Controlling the young
Aim to Brainwash the Nazis of the future by…
 indoctrination (= controlling the minds of the young);
 non-stop propaganda (Germans were bombarded by an endless stream of Nazi ideas (through the
media);
 an education system which altered subjects to push Nazis ideas (e.g. History which taught that the
Germans had been stabbed in the back by Jews and Communists in the First World War. Biology
which taught that Jews and Slavs were inferior beings = untermenschen = sub-human);
 the Nazi youth organisations like the
- Hitler Youth. By 1936 the Hitler Youth Law made membership compulsory. The young boys
had to do lots of PE to make them fit and lots of military style tasks to train them to be
future soldiers.
- the Jungmadelbund. The Young Maidens League in which young women were taught the
skills they would need to be mothers.
6.
Blaming Jews
 Hitler did not invent anti-Semitism. Attacks, called Pogroms, had been made on Jews since
the Middle Ages and many countries were very anti-semitic, e.g. Poland, Russia.

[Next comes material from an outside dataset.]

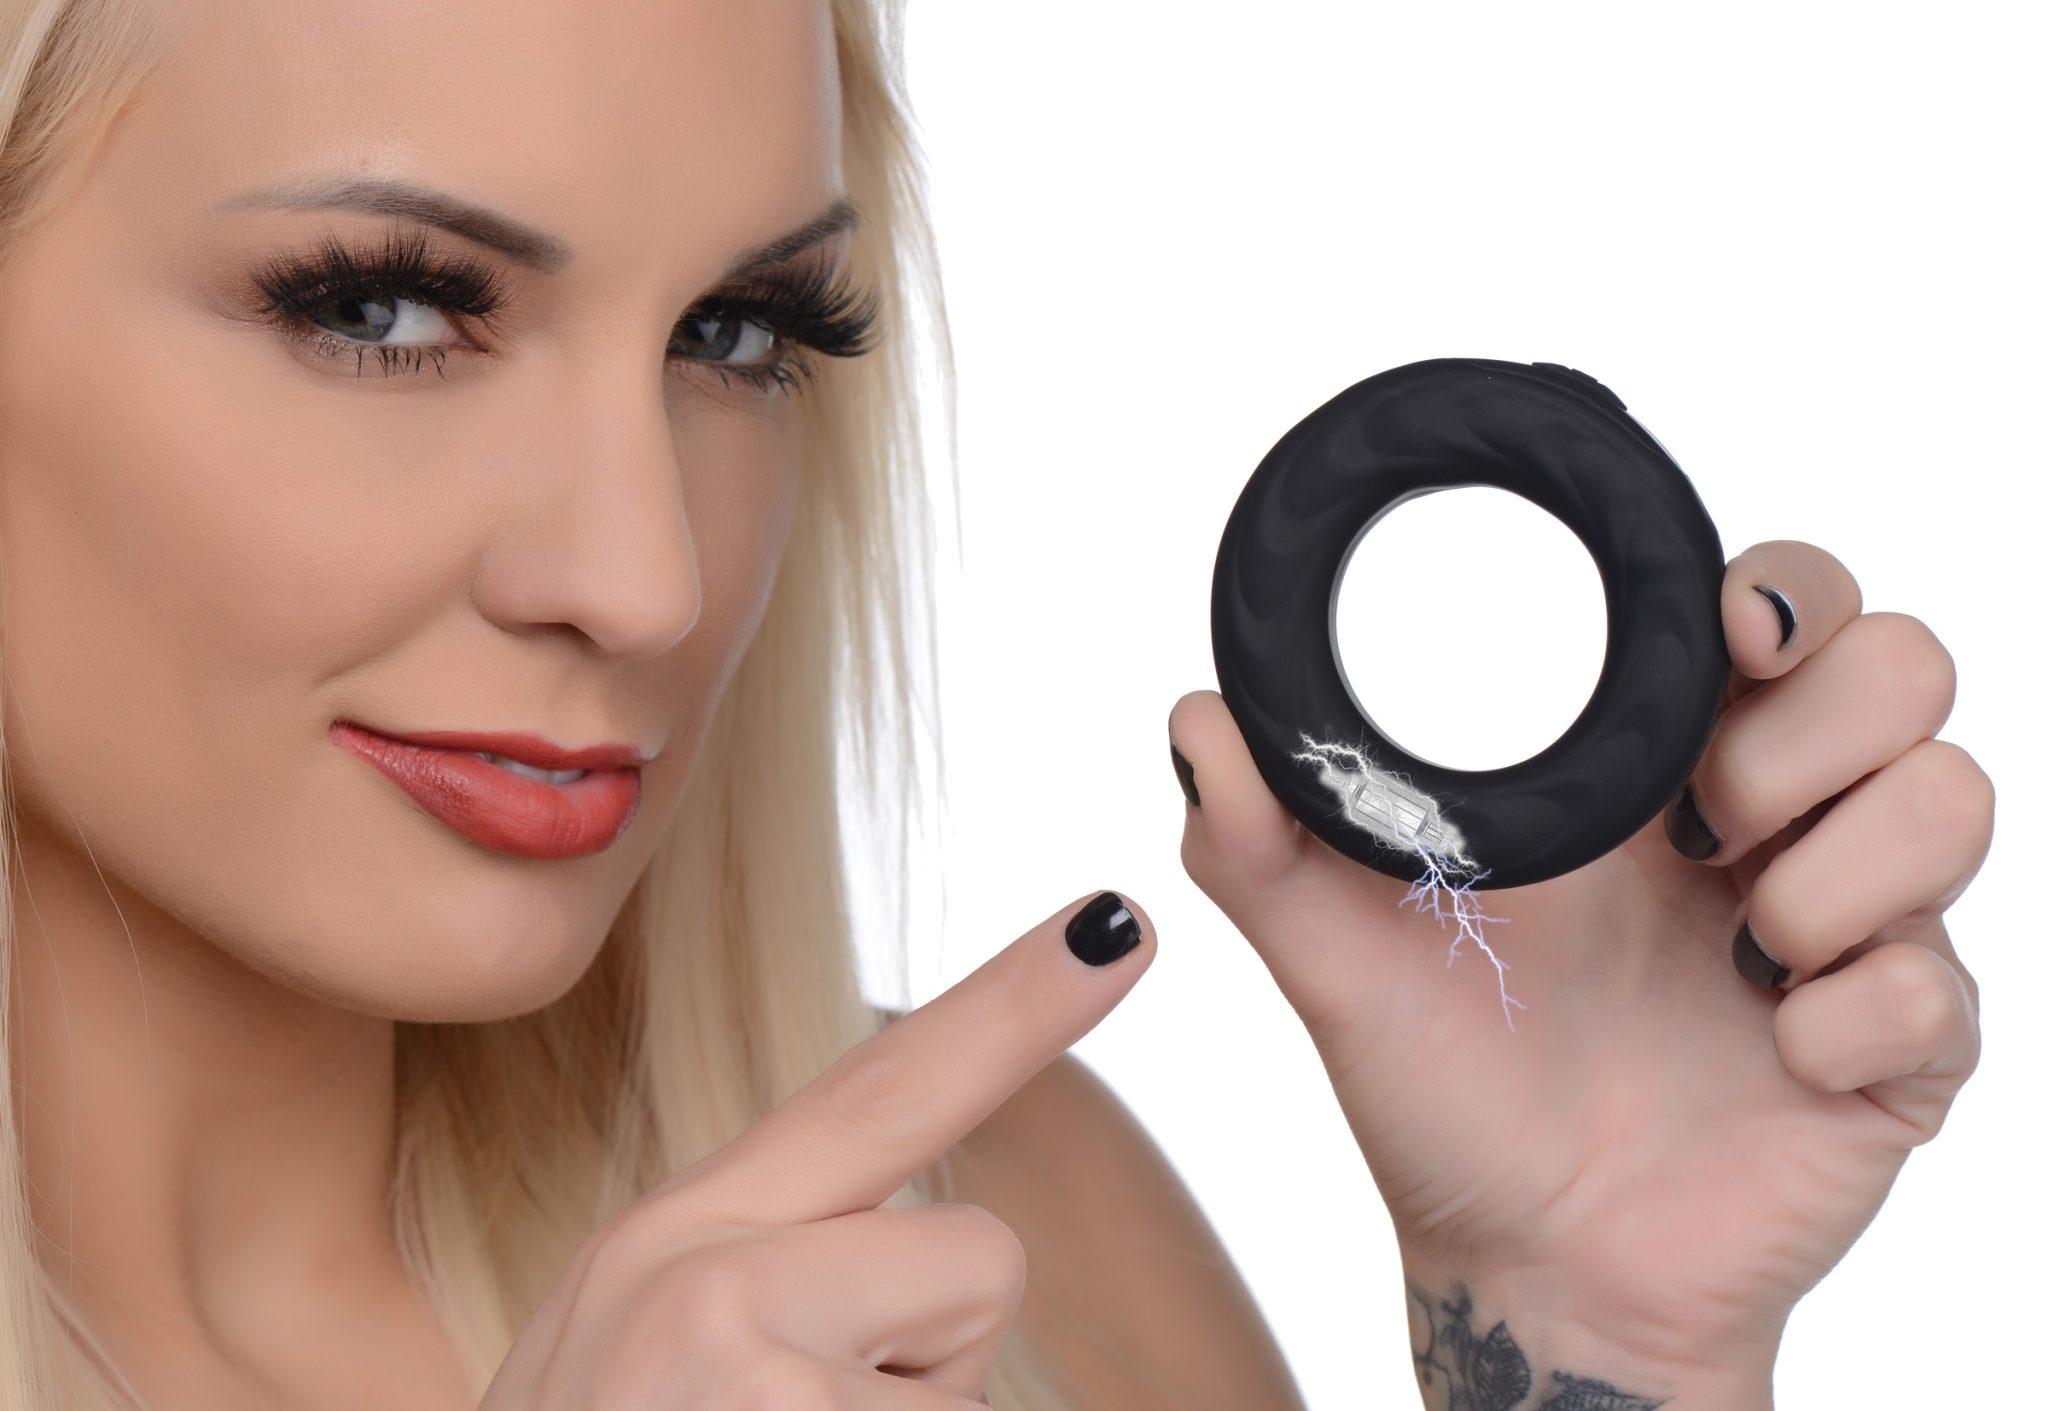 E-Stim Pro Silicone Vibrating Cock Ring with Remote Control

 at first life was simply made more difficult for Jews: later, during the war, an attempt was
made to wipe out the Jewish race (= the Holocaust or the Final Solution).
 Before the war the Nazis made life unpleasant for Jews by:
 forcing them to wear a yellow star on their sleeves;
 humiliating them in the street;
 boycotting their businesses;
 attacking their synagogues (Kristallnacht = Crystal Night in Nov. 1938);
 passing a set of laws in 1935, the Nuremburg Laws, which placed many restrictions
on Jews, e.g. they couldn't marry non-Jews (called Aryans) or practice as doctors
or lawyers for non-Jews,etc..
7.
How did people resist the Nazis?
o very difficult and dangerous. People who did resist included:
o certain Christians (Pastor Martin Niemoller, Dietrich Bonhoffer).
o some Communists (in the Red Orchestra group) and Social Democrats.
o Passive resistance, eg jokes
o some German aristocrats (the Kreisau Circle, the Beck-Georderler group,
Claus von Stauffenberg);
o little real resistance till Hitler took Germany into the war and defeat began
to loom.
o the July Plot, 1944, (von Stauffenberg) came closest to killing Hitler.